• _Exercise data_:
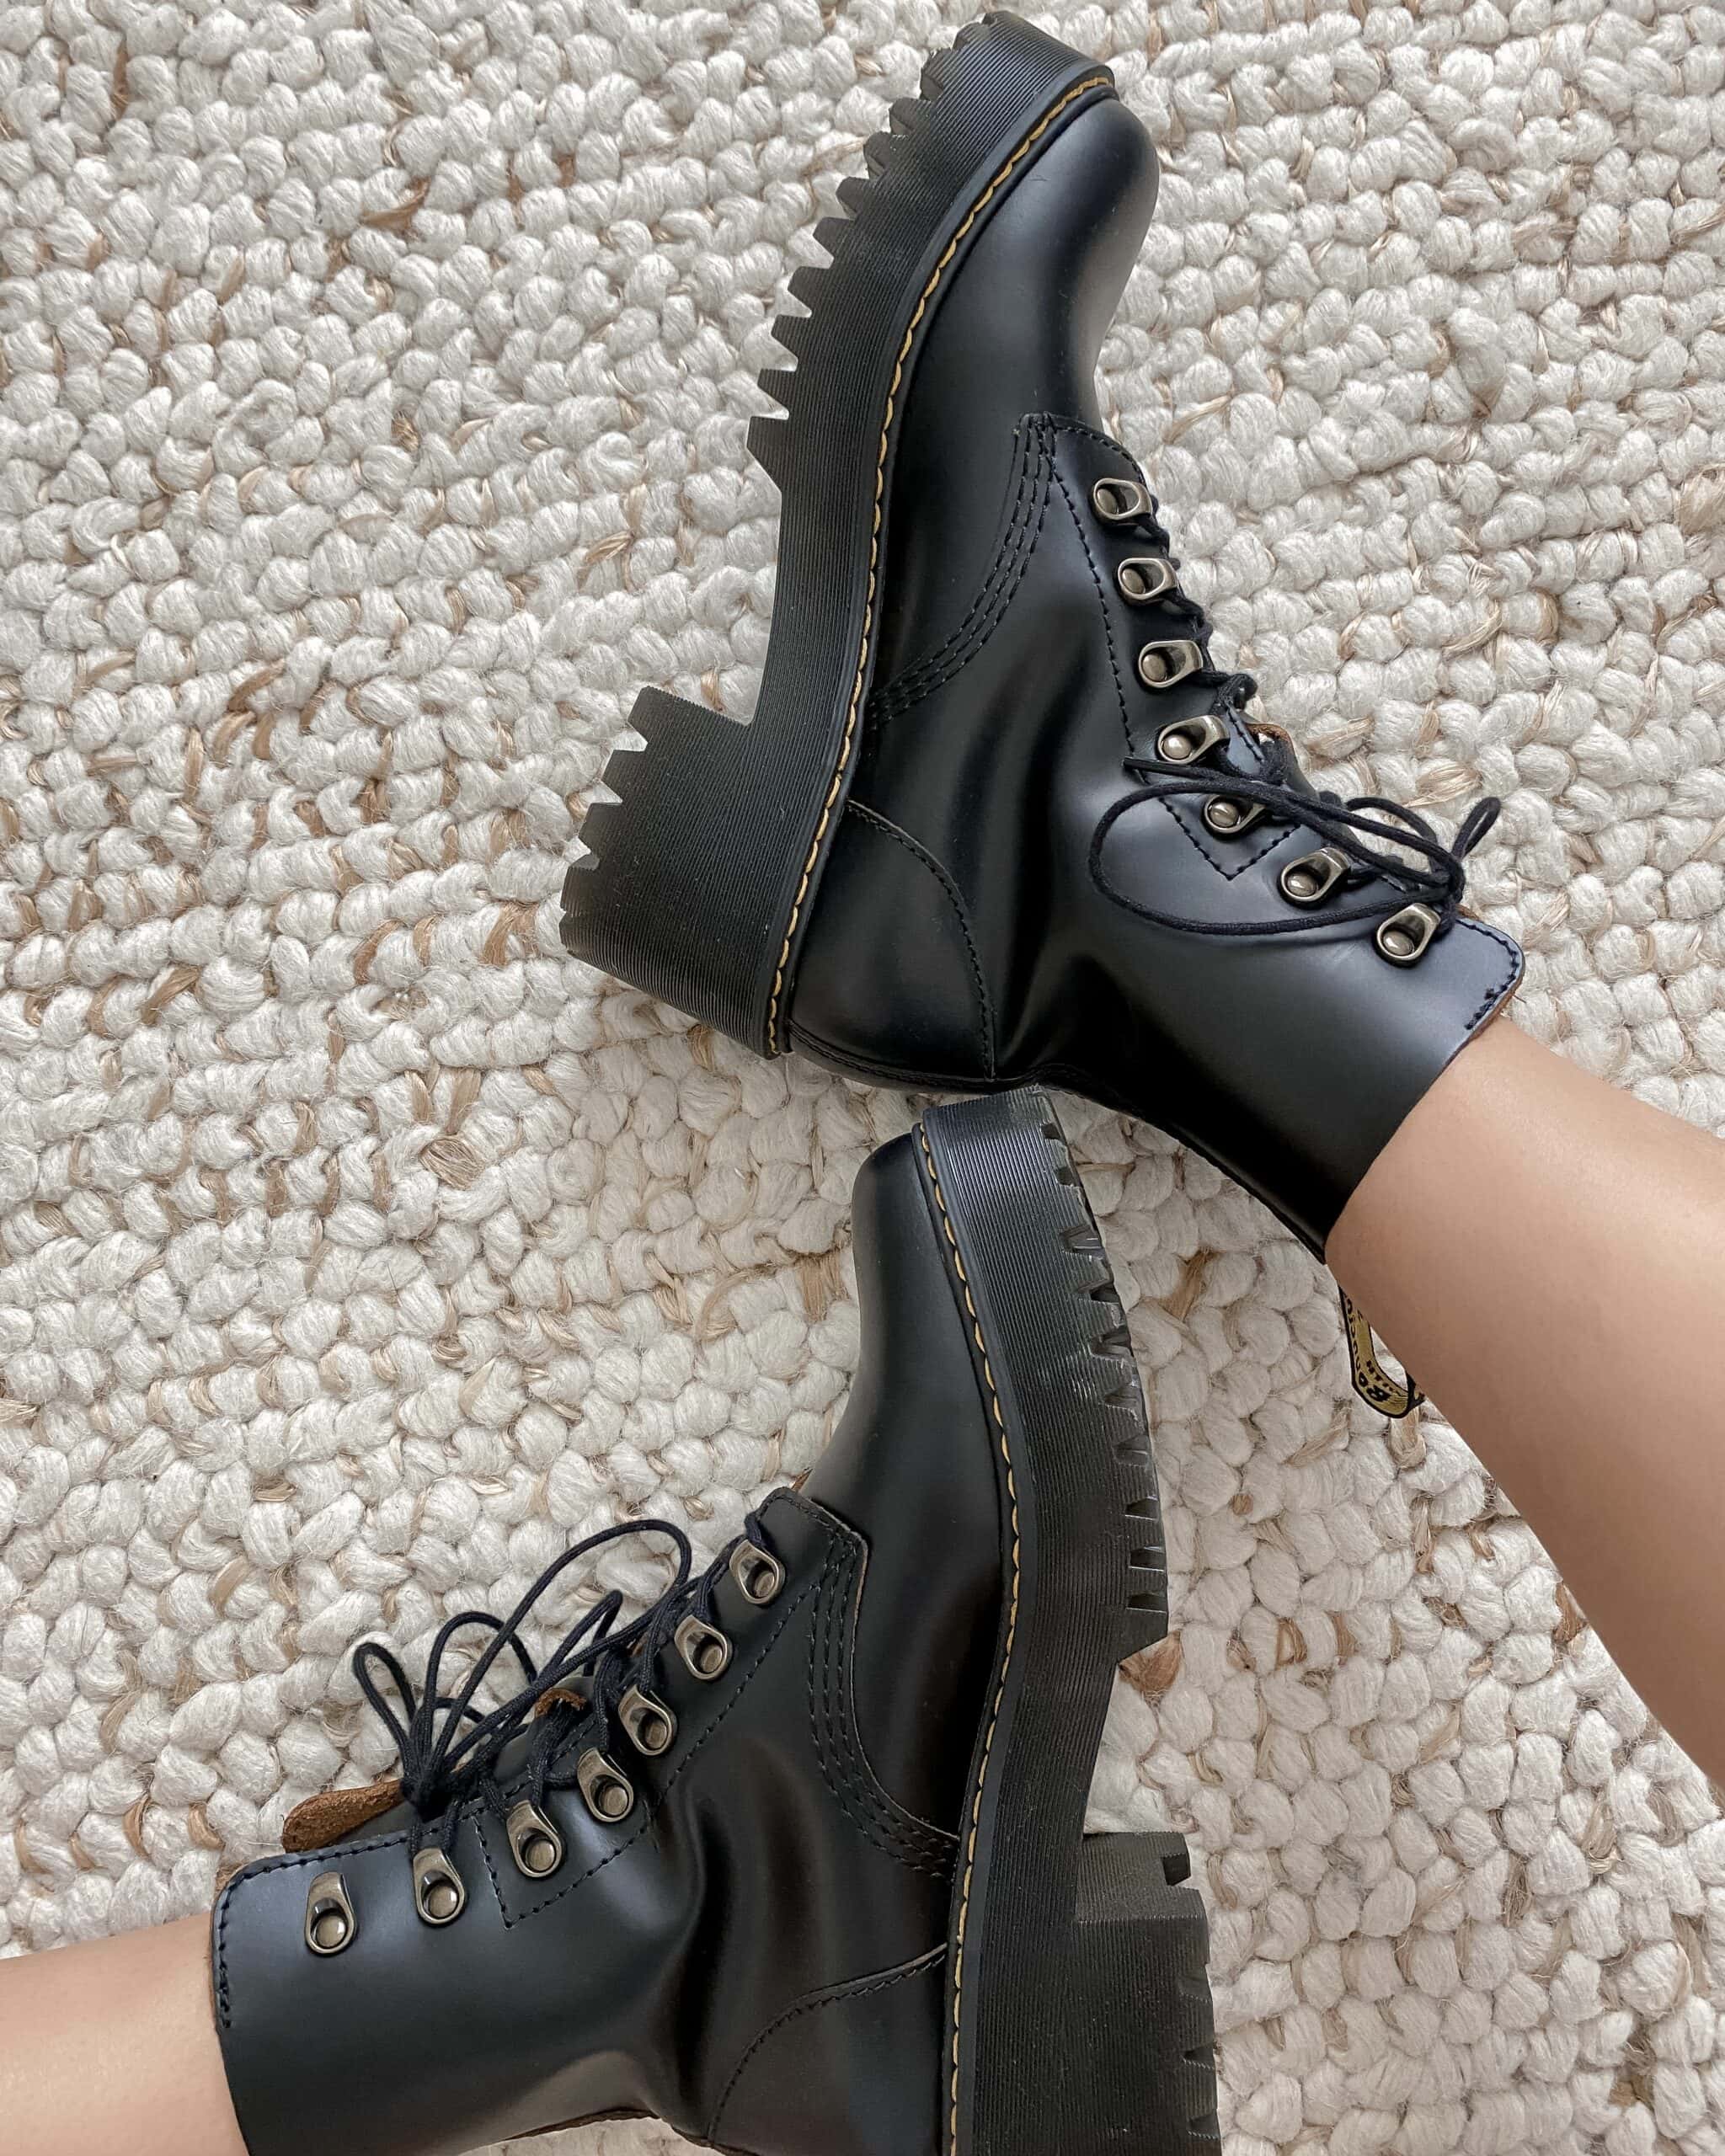 Lug sole boots - Fall Fashion Trends 2021
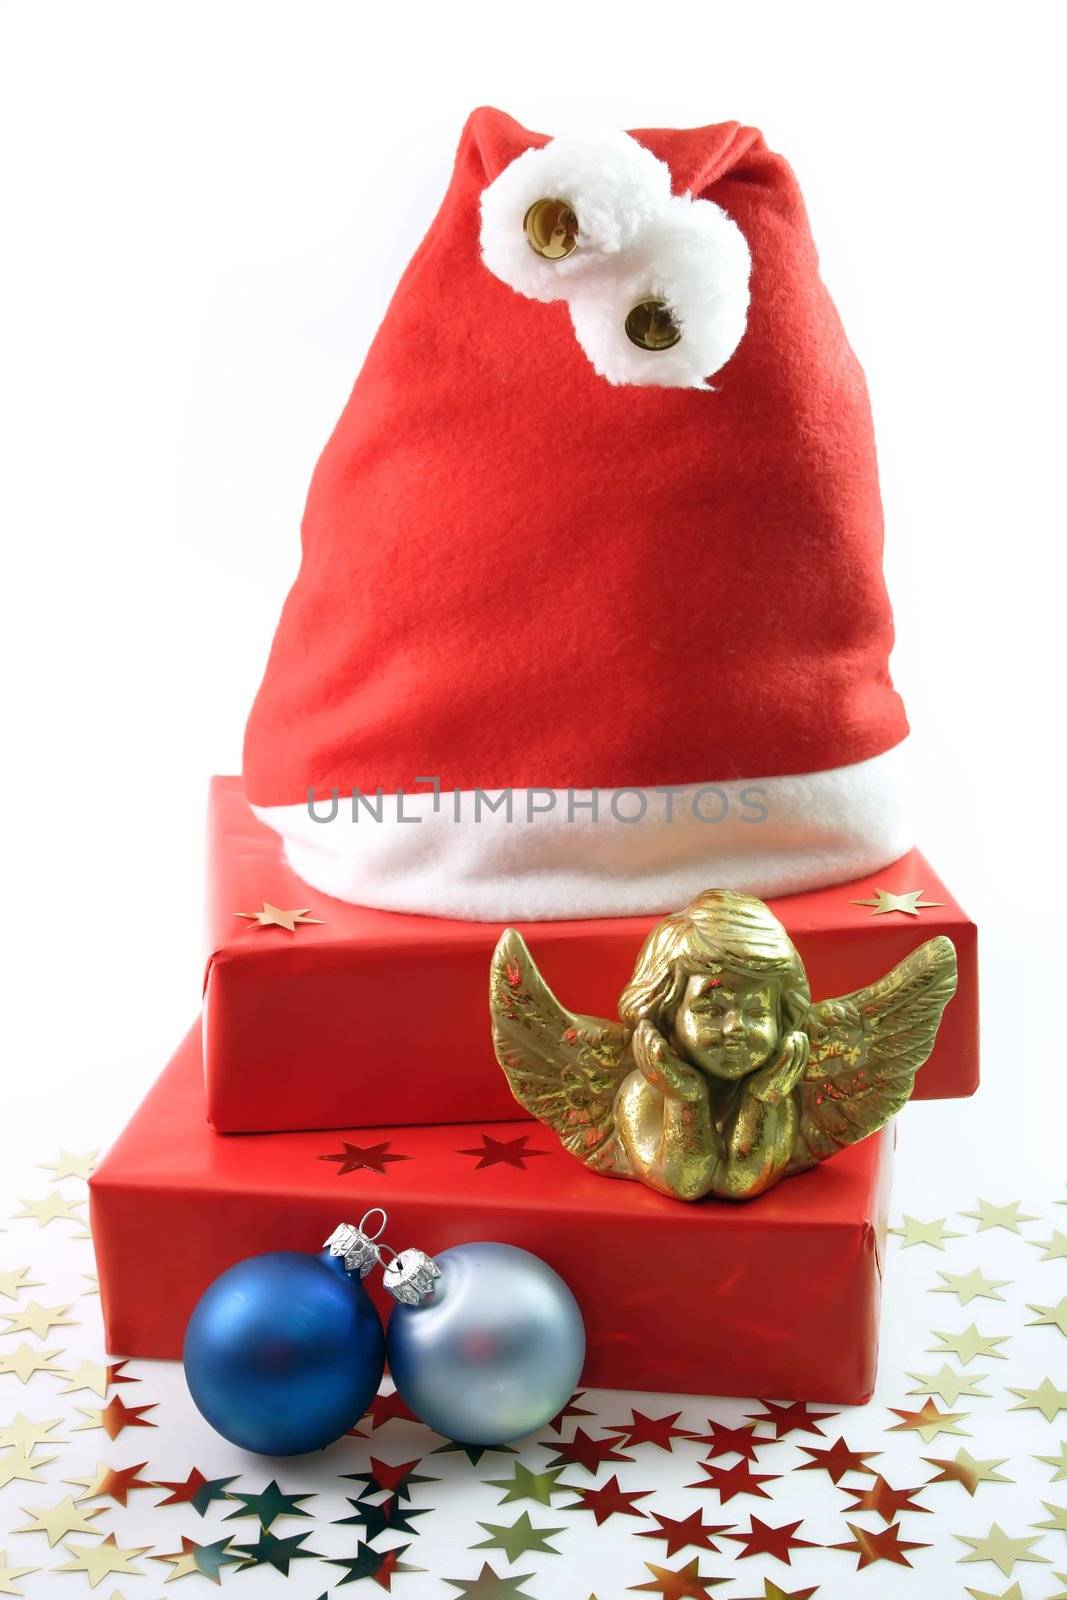 Santa Hat, red presents, golden angel figure, blue chrismas tree balls on light background
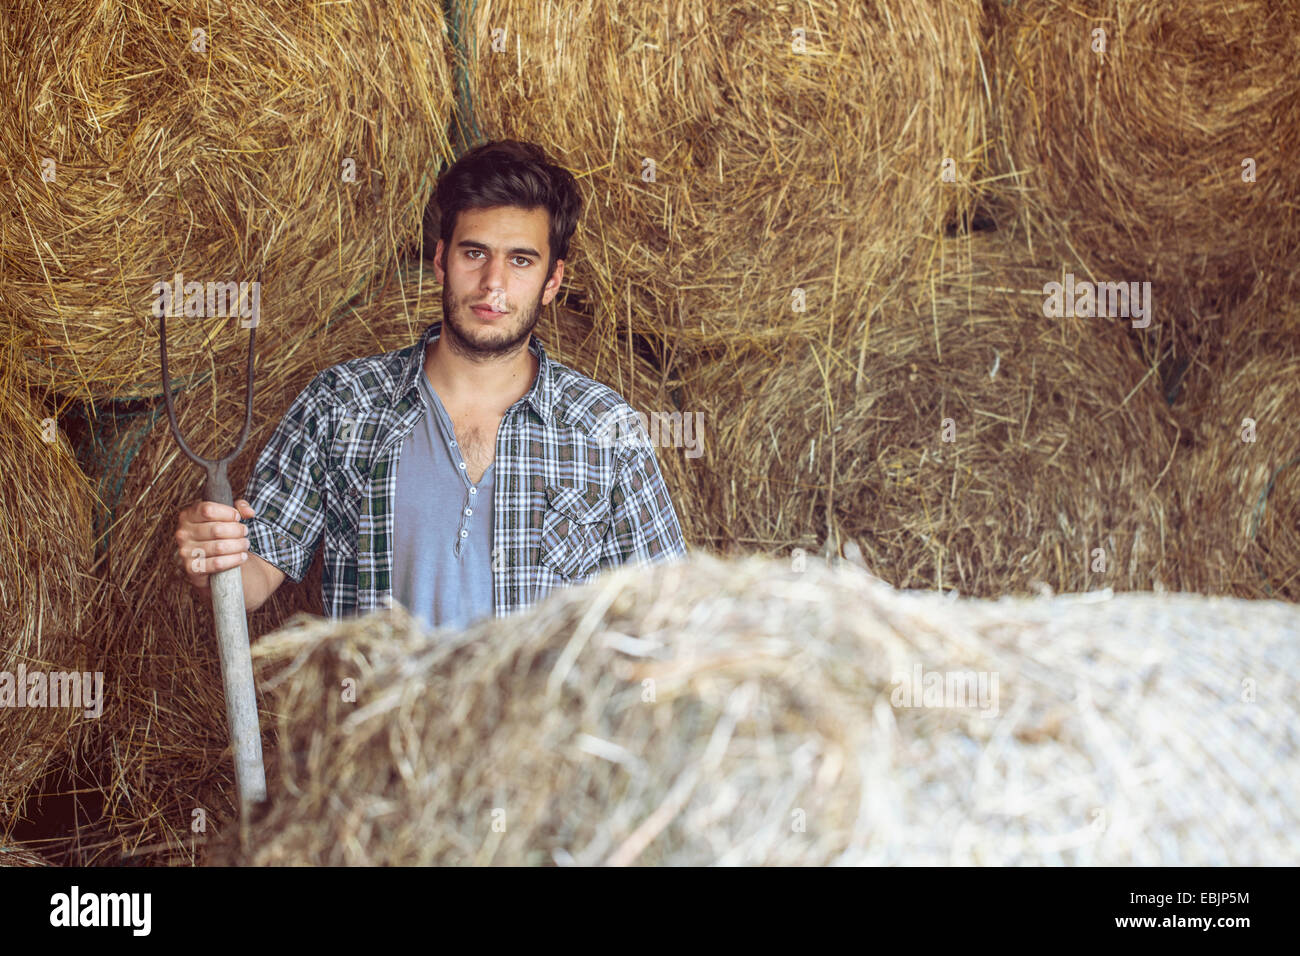 Portrait of young male farmer in straw barn with pitchfork, Premosello, Verbania, Piemonte, Italy Stock Photo
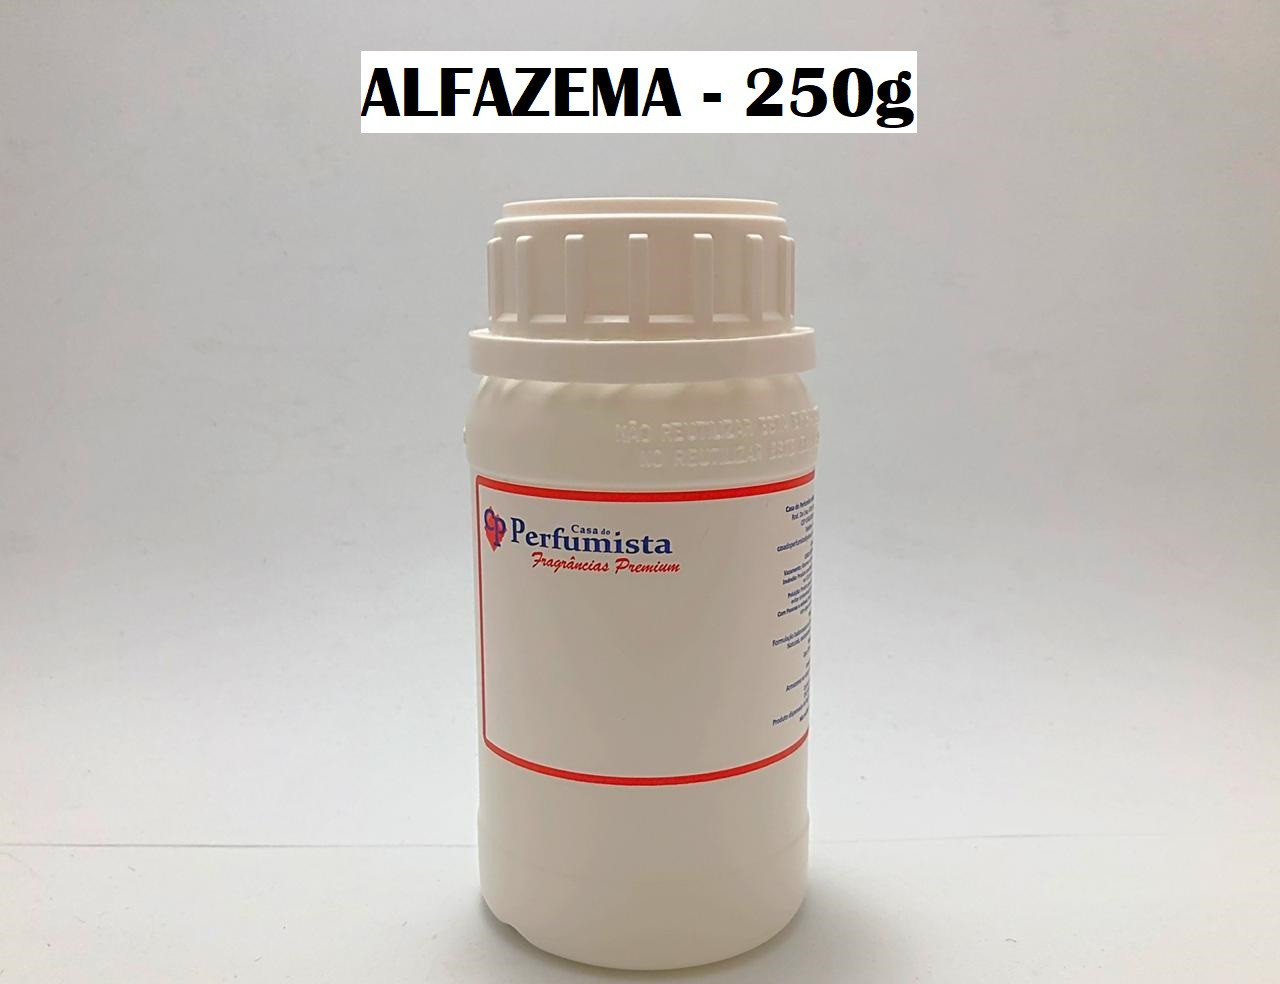 ALFAZEMA - 250g

• _Task description_:
Output the material above exactly as written and drop any images it holds.

• _Output of the task_:
 Lug sole boots - Fall Fashion Trends 2021
 Santa Hat, red presents, golden angel figure, blue chrismas tree balls on light background
 Portrait of young male farmer in straw barn with pitchfork, Premosello, Verbania, Piemonte, Italy Stock Photo
 ALFAZEMA - 250g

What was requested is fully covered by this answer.